Due to a few studies that came out recently that tied homocysteine to heart disease, traditional medicine recognizes and tests for homocysteine. It is quite common. It is a blood test. Even the mthfr defects are now being tested for and recognized by some traditional doctors, though they are pretty clueless as to proper treatment. Tell your doc to stop being lazy and start reading his journals lol.
Most, if not all, docs in the know will recommend staying away from glutamine for a person with an excitotoxin problem. Some think it should be left alone, period. Try sodium butyrate instead if you have the cash. If not, make your own by supplementing soluble fiber, its cheap.
If you are still wanting to look for a good doc, I would recommend a good integrative cfs specialist that is familiar with methylation and possibly even biotoxin illness. Most are at this point, to some degree anyways. Sign in on phoenixrising and ask those foks, they would probaby have the best recommendation for you.
If you have it done, you can have your doc order the C3a/C4a, then find a lab that works with/has an account with Mayo and have your blood sent there. Mayo has National Jewish do that test for them, that’s the lab it has to go to. Do not use Labcorp or anyone that will send it to Labcorp, make sure that does not happen.
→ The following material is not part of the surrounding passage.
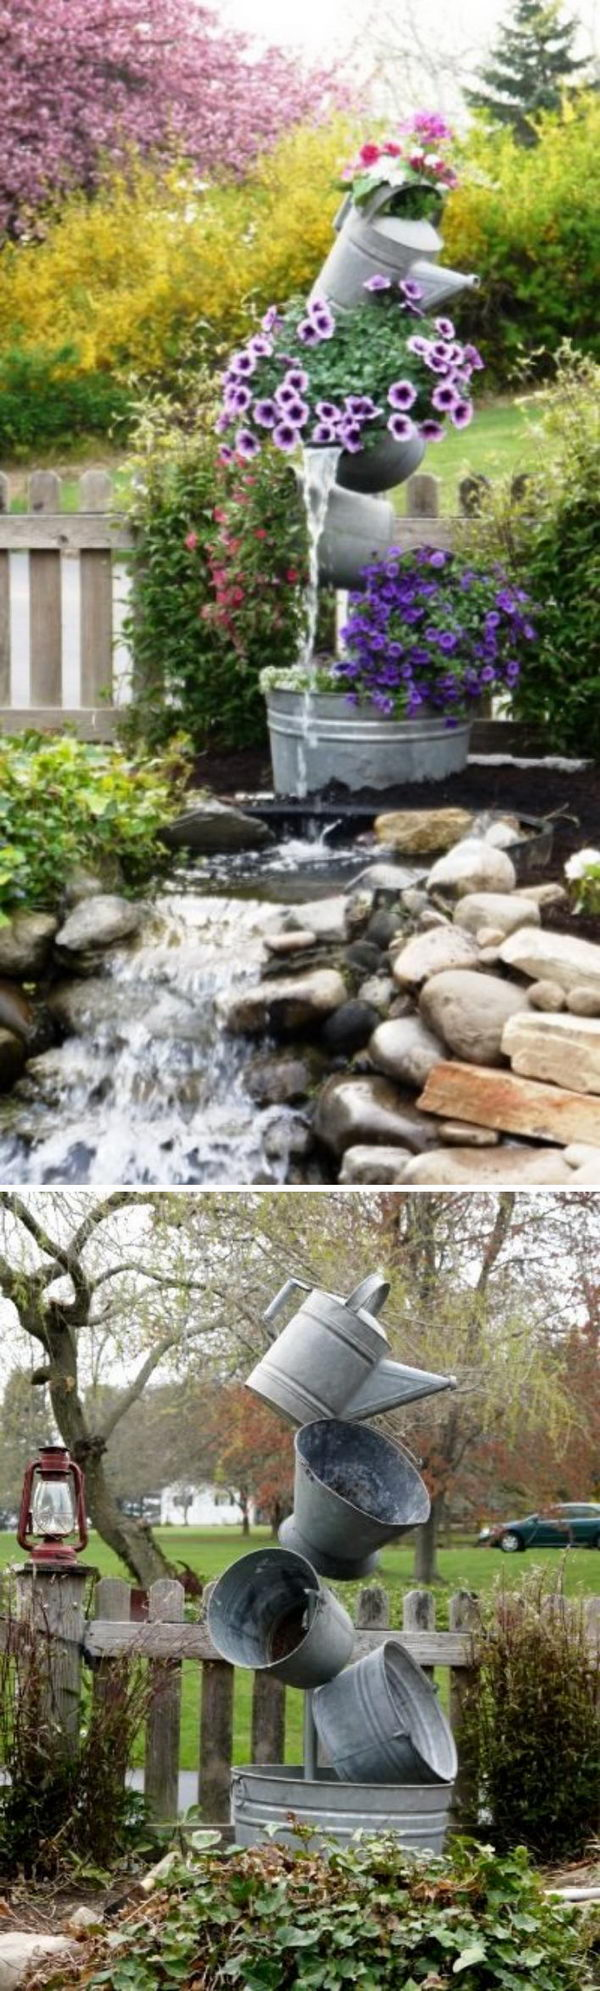 Galvanized Tipsy Pots Water Fountain.

The Mayo test codes are C3a- #FC3AL & C4a- #ZW85, #C4AL. For reference, I had mine done for $160 for both, hospital labs are usually cheaper. I believe Quest asks $200. If that comes back elevated, it would definitely account for your shortness of breath and fatigue, and requires its own specific treatment. Thats a whole new subject.
There is still more to report from your mthfrsupport panel, i’ll post more as I get time. If you’re feeling froggy see what info you can dig up on the ACAT mutation and its treatment. I had a tough time finding info on that one the last time I looked, two heads are better than one.